I’m writing you all from an outdoor cafe in Savannah, where one of my best friends has spent the pandemic year. Have you been here? My God, is it gorgeous. Hot as soup — I’m pouring sweat even in the shade — but a charm explosion. This particular coffee shop is mostly populated by students from SCAD, the Savannah College of Art and Design, who are wearing clothes that make me feel even more like human Teva than usual. It feels good.
I’m surrounded by chic kids wearing pleather pants and Docs in 100 degrees without breaking a sweat. Just outside the cafe, I stumbled upon this teeny tiny blue door (see above photo) and squealed loudly. Life is coming back and I am feeling it.
I have several essays in the works that I am excited to share with you in the coming weeks — up soon: a debate about Bitcoin and exposés about how Critical Race Theory is insinuating itself into the corporate world and medicine — but today I wanted to revisit some of the stories I’ve written about in this newsletter and update you on how they are shaking out.
First: Covid. Or rather, the politics of the pandemic in its waning days.
Last week I wrote about the irrationality we are witnessing among those, on the right and the left, for whom masks have become a tribal marker rather than a tool of public health.

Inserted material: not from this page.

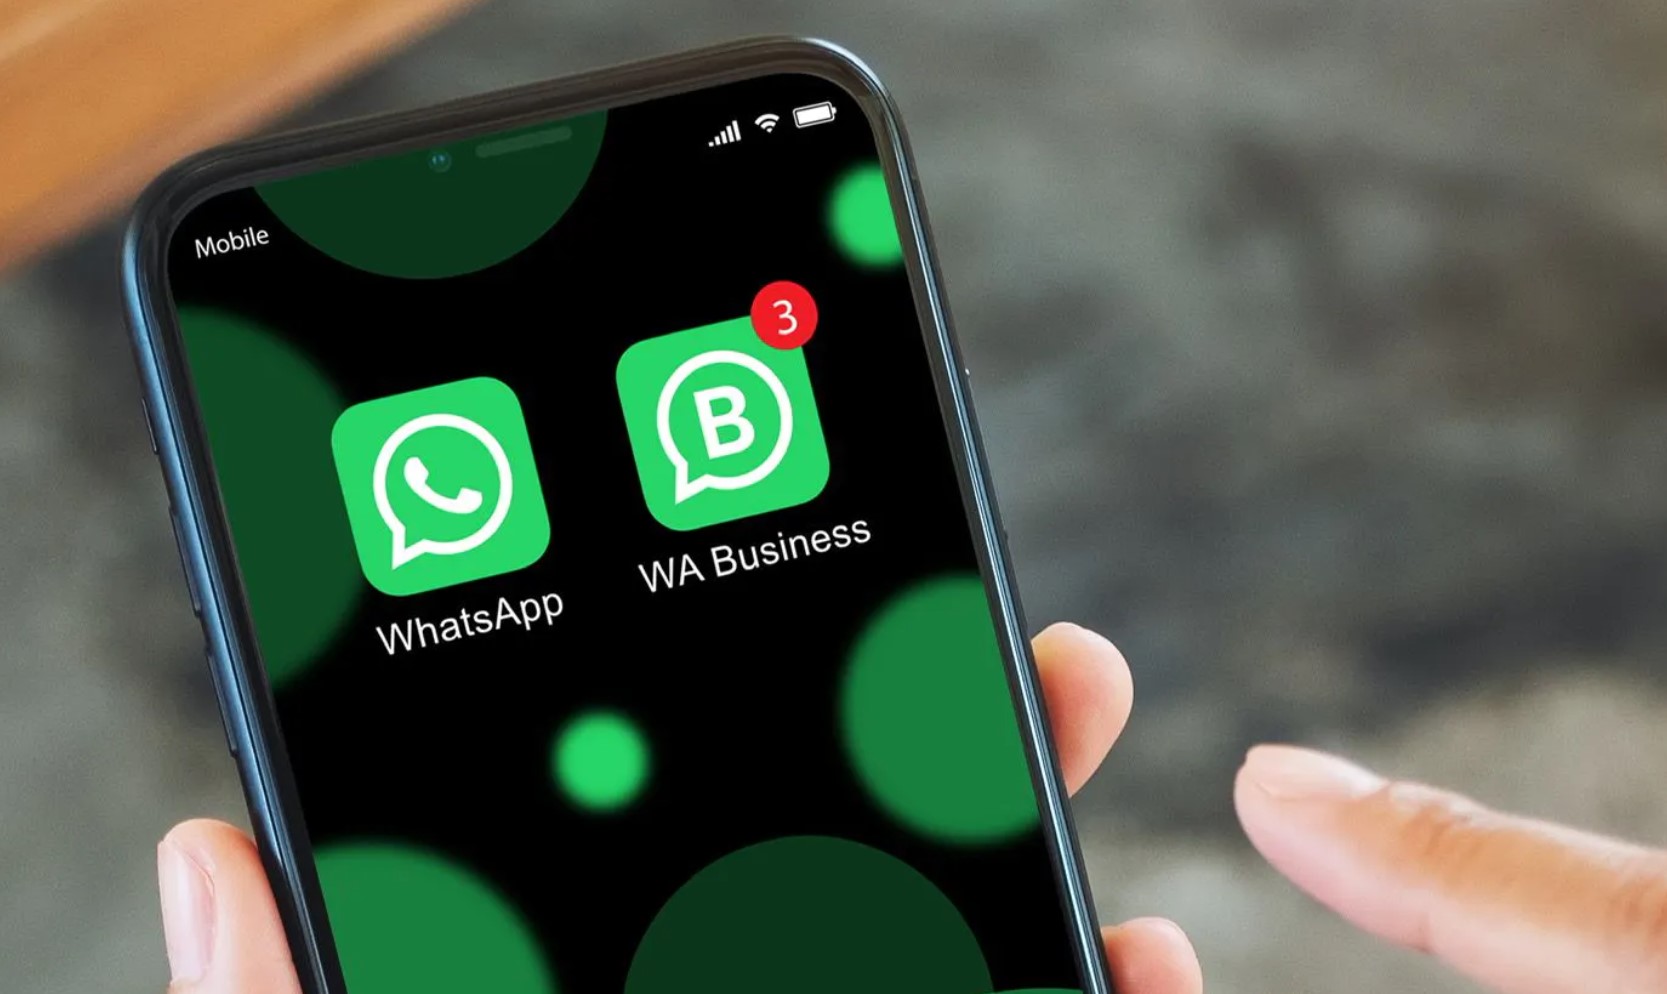 How to Get Virtual Number for WhatsApp
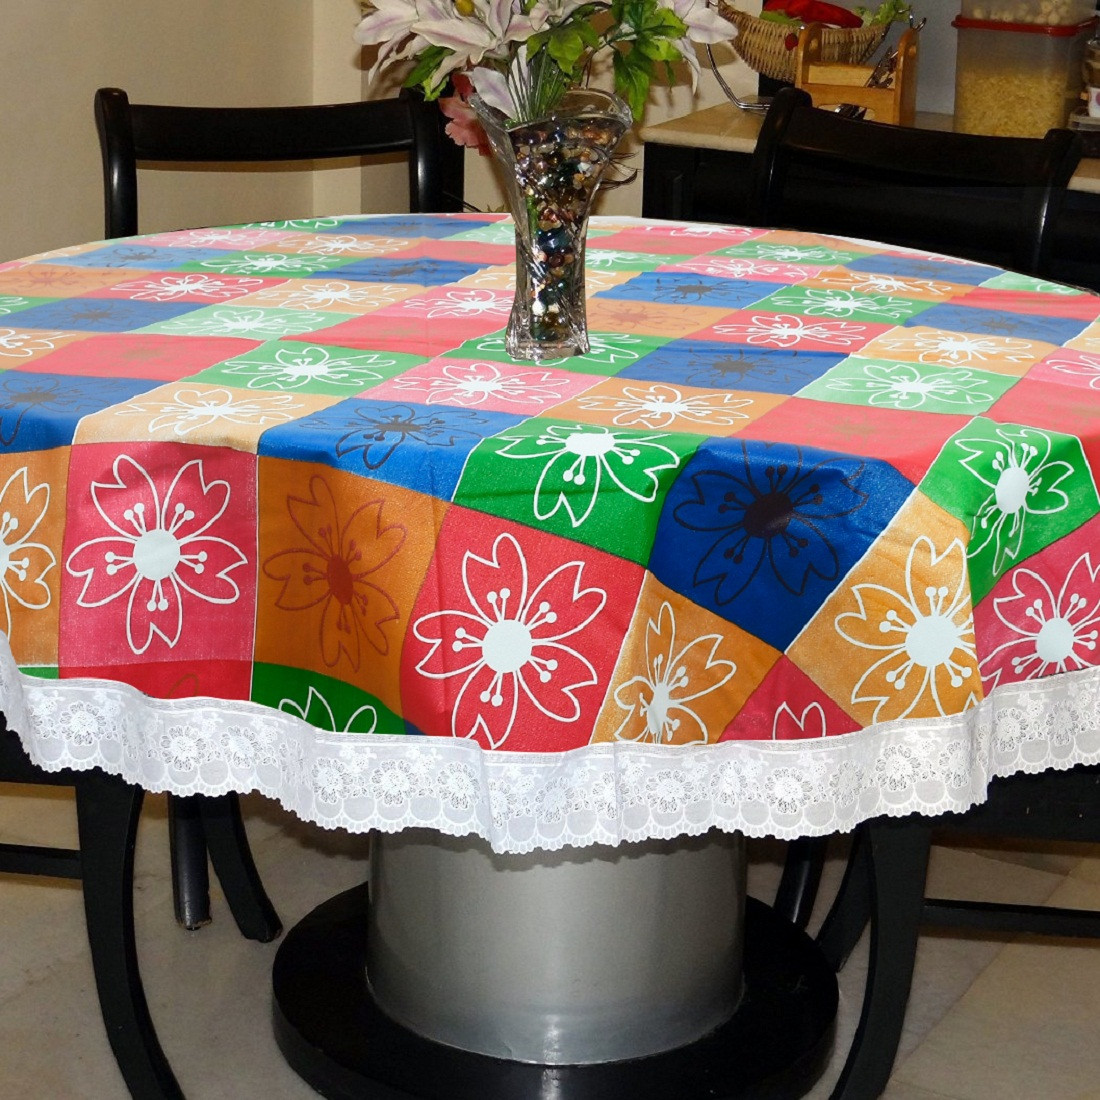 Kuber Industries Flower Print Round Table Cover 60 Inch-Waterproof PVC Resistant Spillproof PVC Fabric Table Cover for Dining Room Kitchen Party (Multi)-KUBMRT11819

Of all the pieces I’ve published so far this one elicited the most outraged emails by far. One sort went like this: “I’m not wearing a mask, and I am absolutely not getting vaccinated, and I have removed myself from your email.” Perhaps that’s for the best.
One reader, a writer I admire, wrote me to say: “I do not have the guts to write what you just did. But I agree with every word, and am bemused and appalled watching two out of three people of my demographic fully vaccinated and yet clearly committed to living like a year ago except for small gatherings with relatives that they talk about as if they had tried dropping acid.”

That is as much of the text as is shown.